» **ACTIVITY**: Transcribe the listing exactly, skipping every picture.

» **DATASET EXTRACT**:
---+---
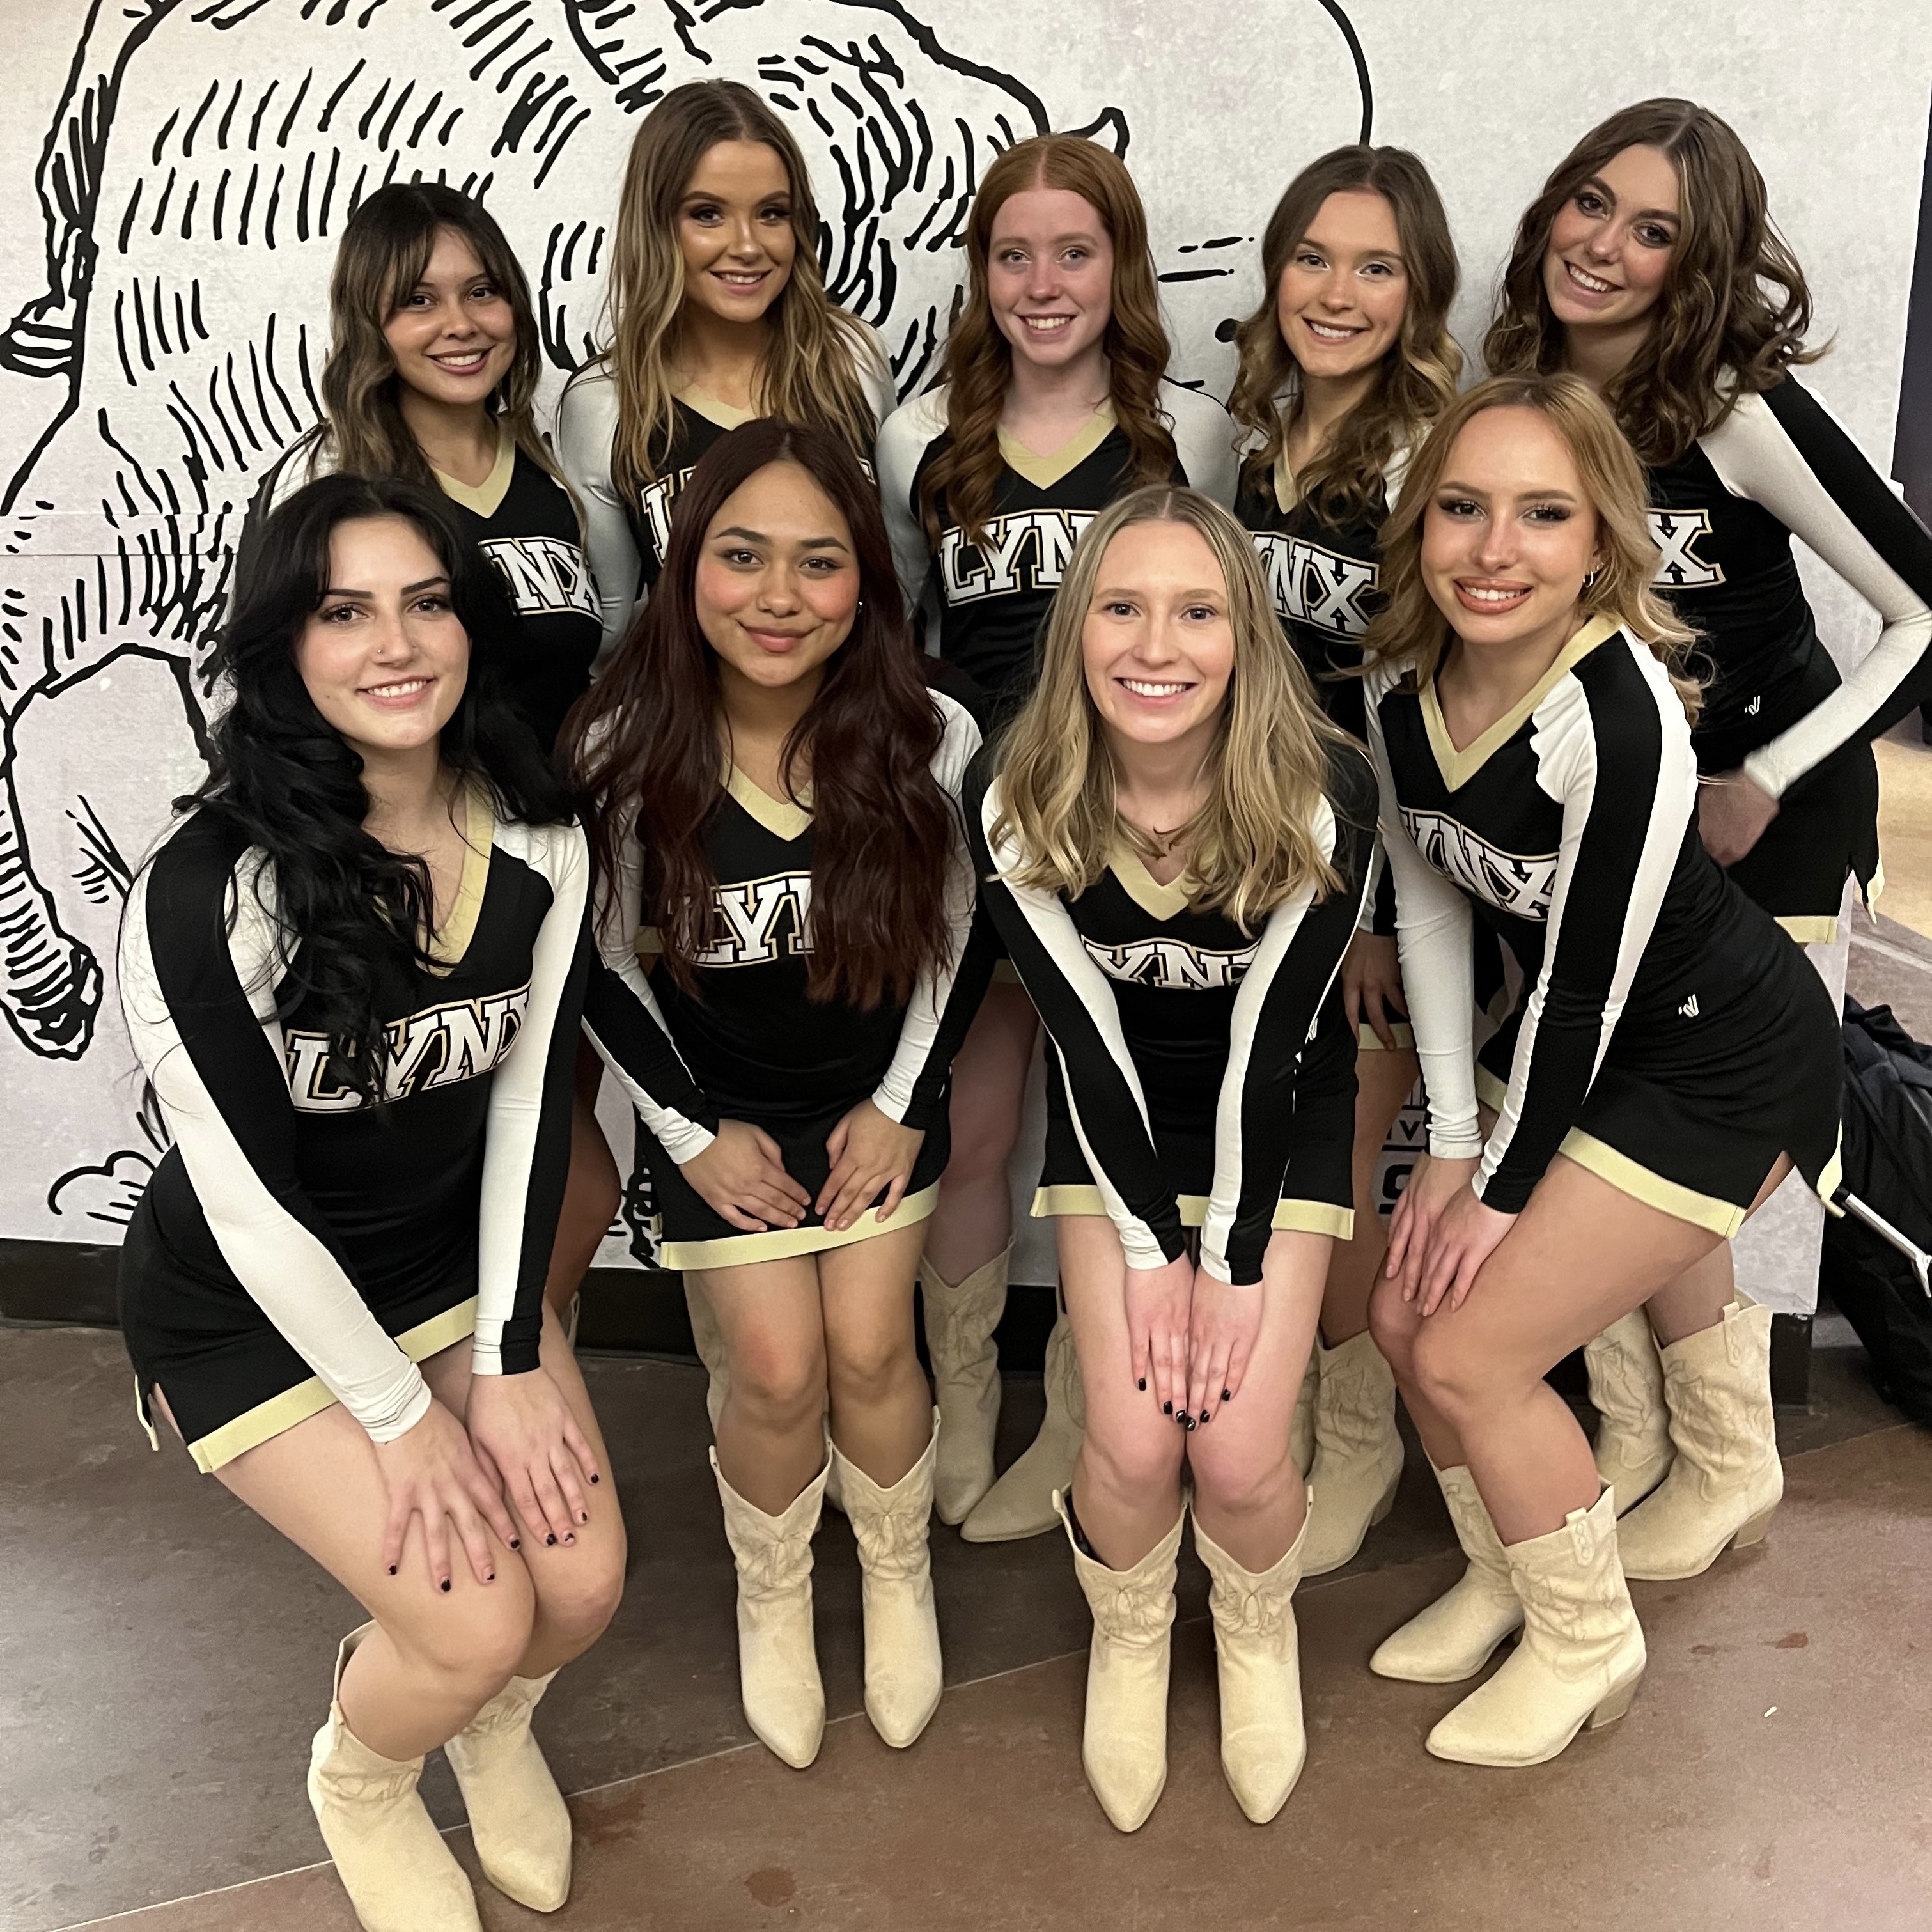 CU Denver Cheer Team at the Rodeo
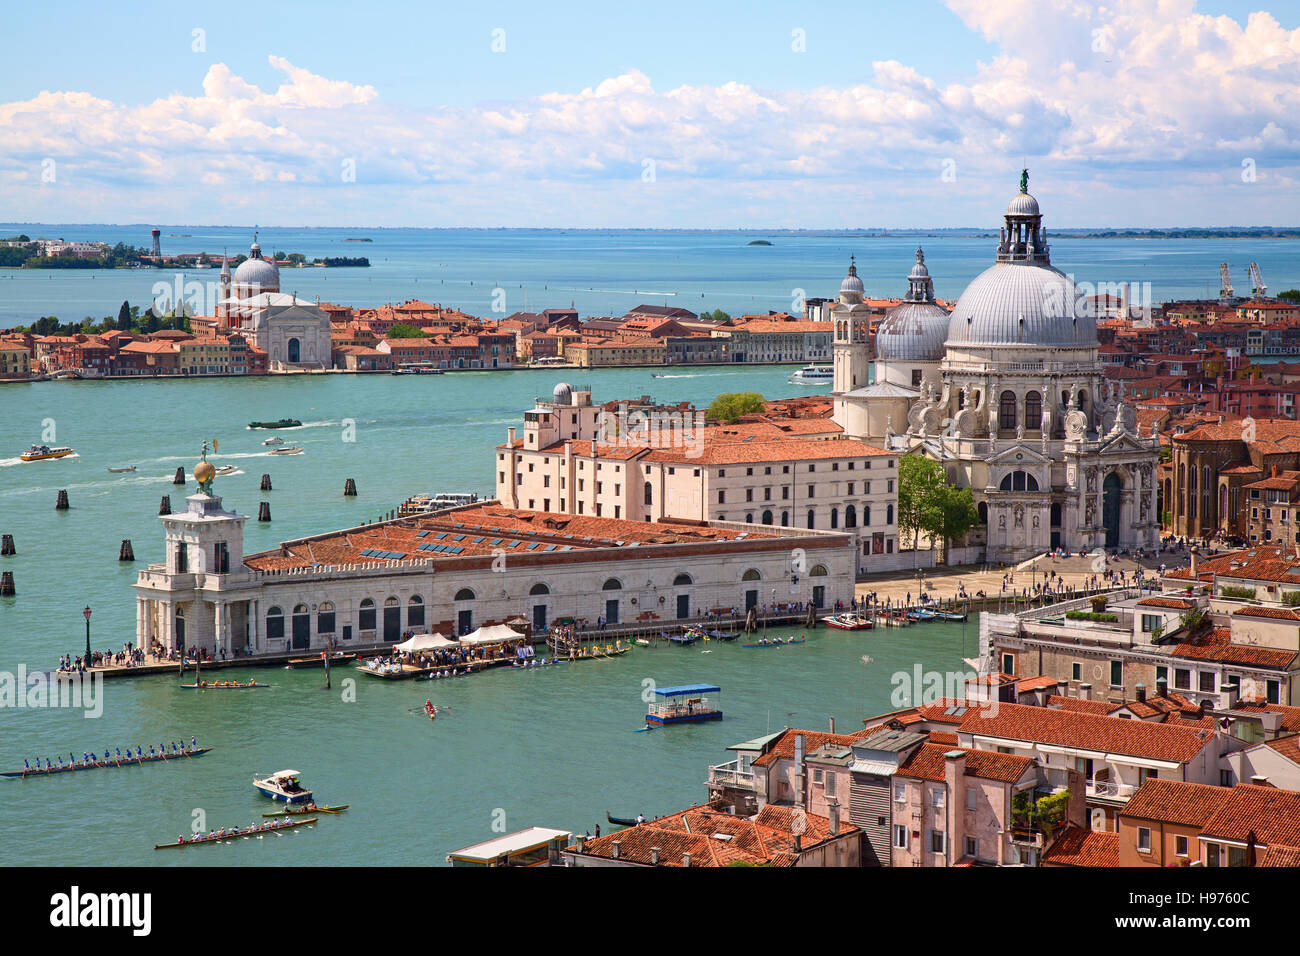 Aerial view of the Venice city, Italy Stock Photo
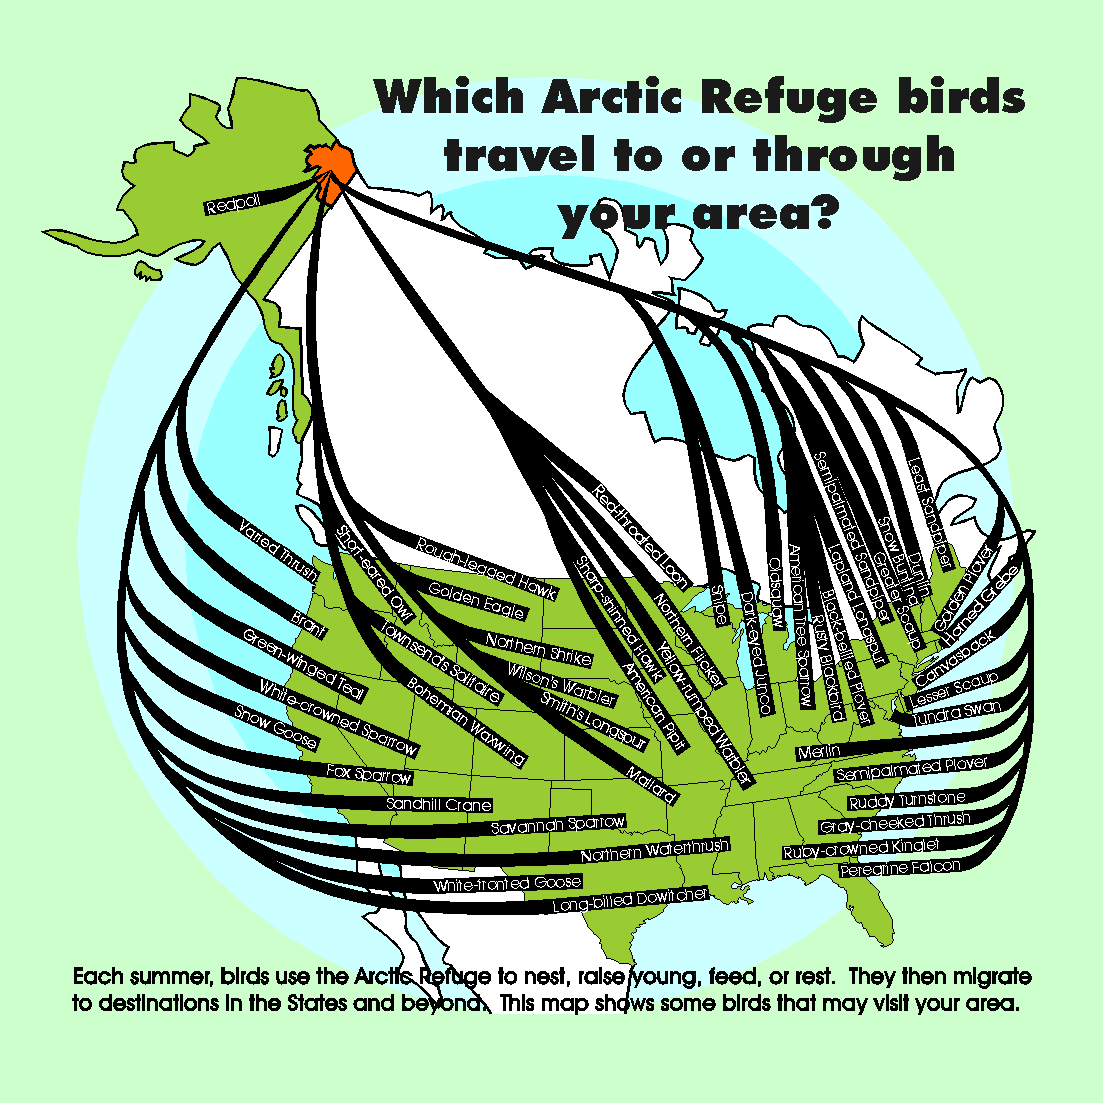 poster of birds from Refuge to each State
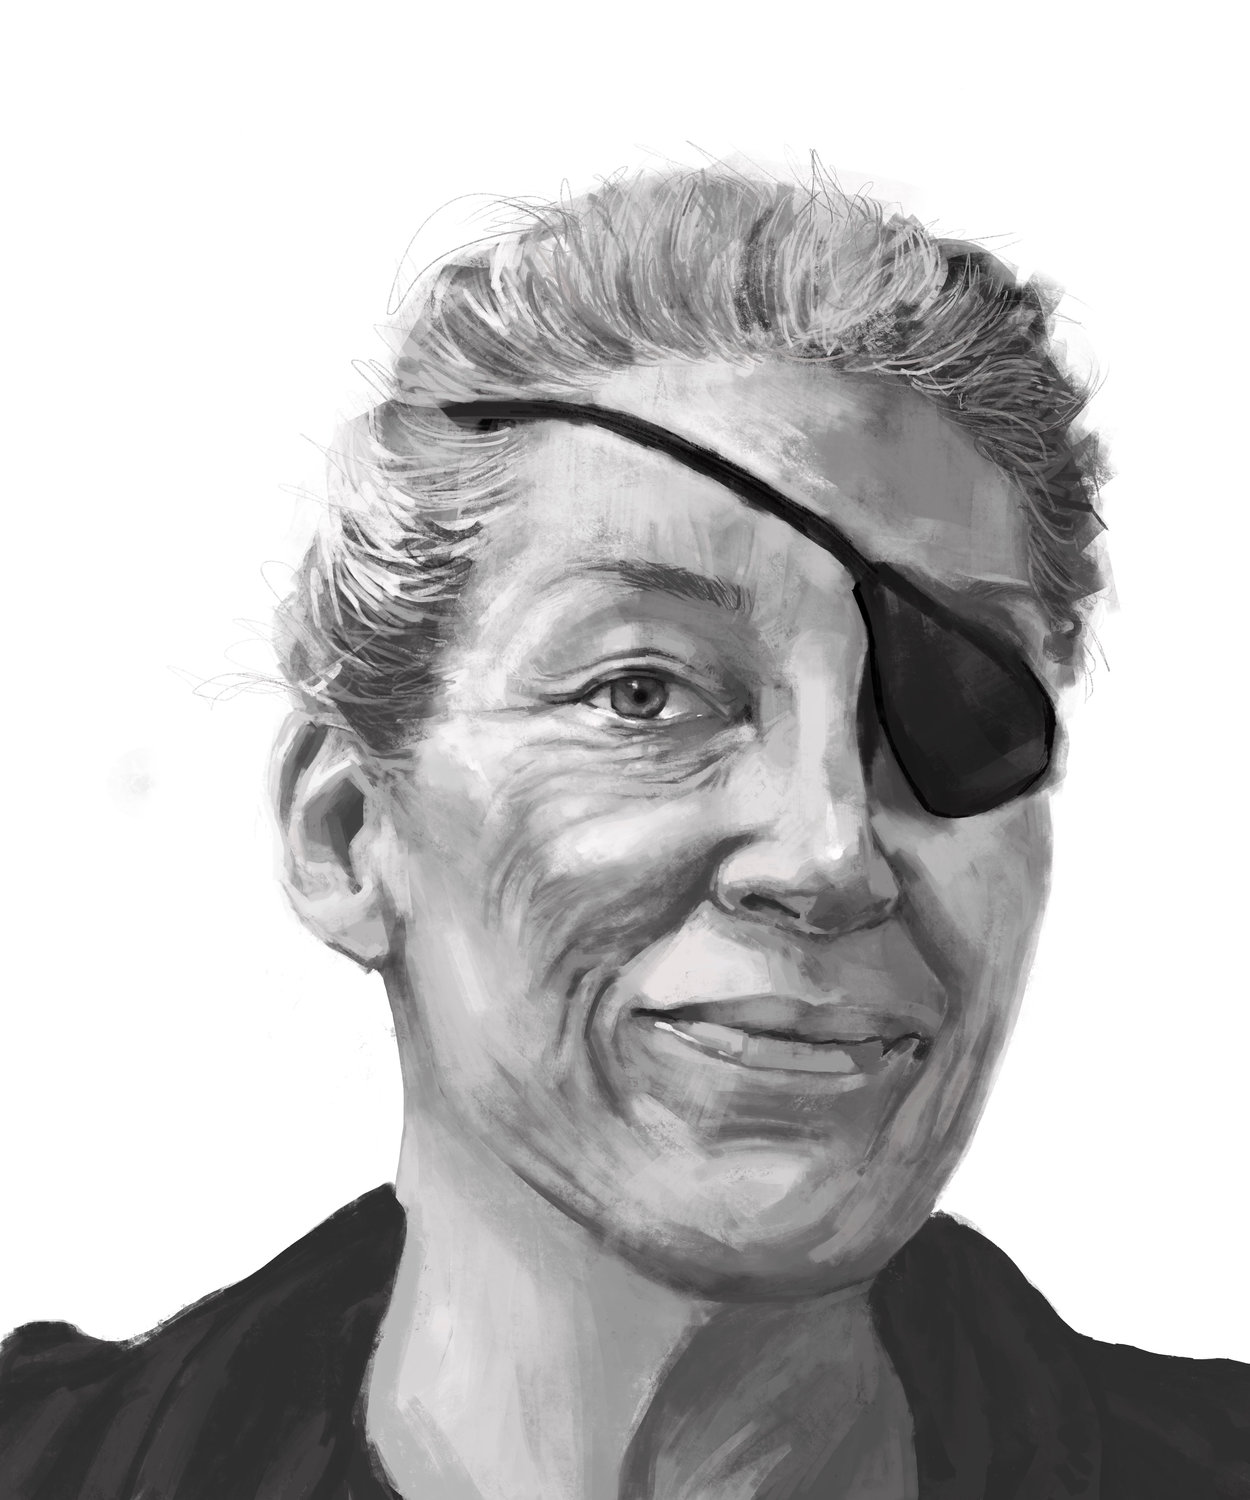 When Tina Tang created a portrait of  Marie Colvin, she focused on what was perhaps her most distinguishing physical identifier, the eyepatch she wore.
---+---
» **EXERCISE RESULT**:
 CU Denver Cheer Team at the Rodeo
 Aerial view of the Venice city, Italy Stock Photo
 poster of birds from Refuge to each State
 When Tina Tang created a portrait of  Marie Colvin, she focused on what was perhaps her most distinguishing physical identifier, the eyepatch she wore.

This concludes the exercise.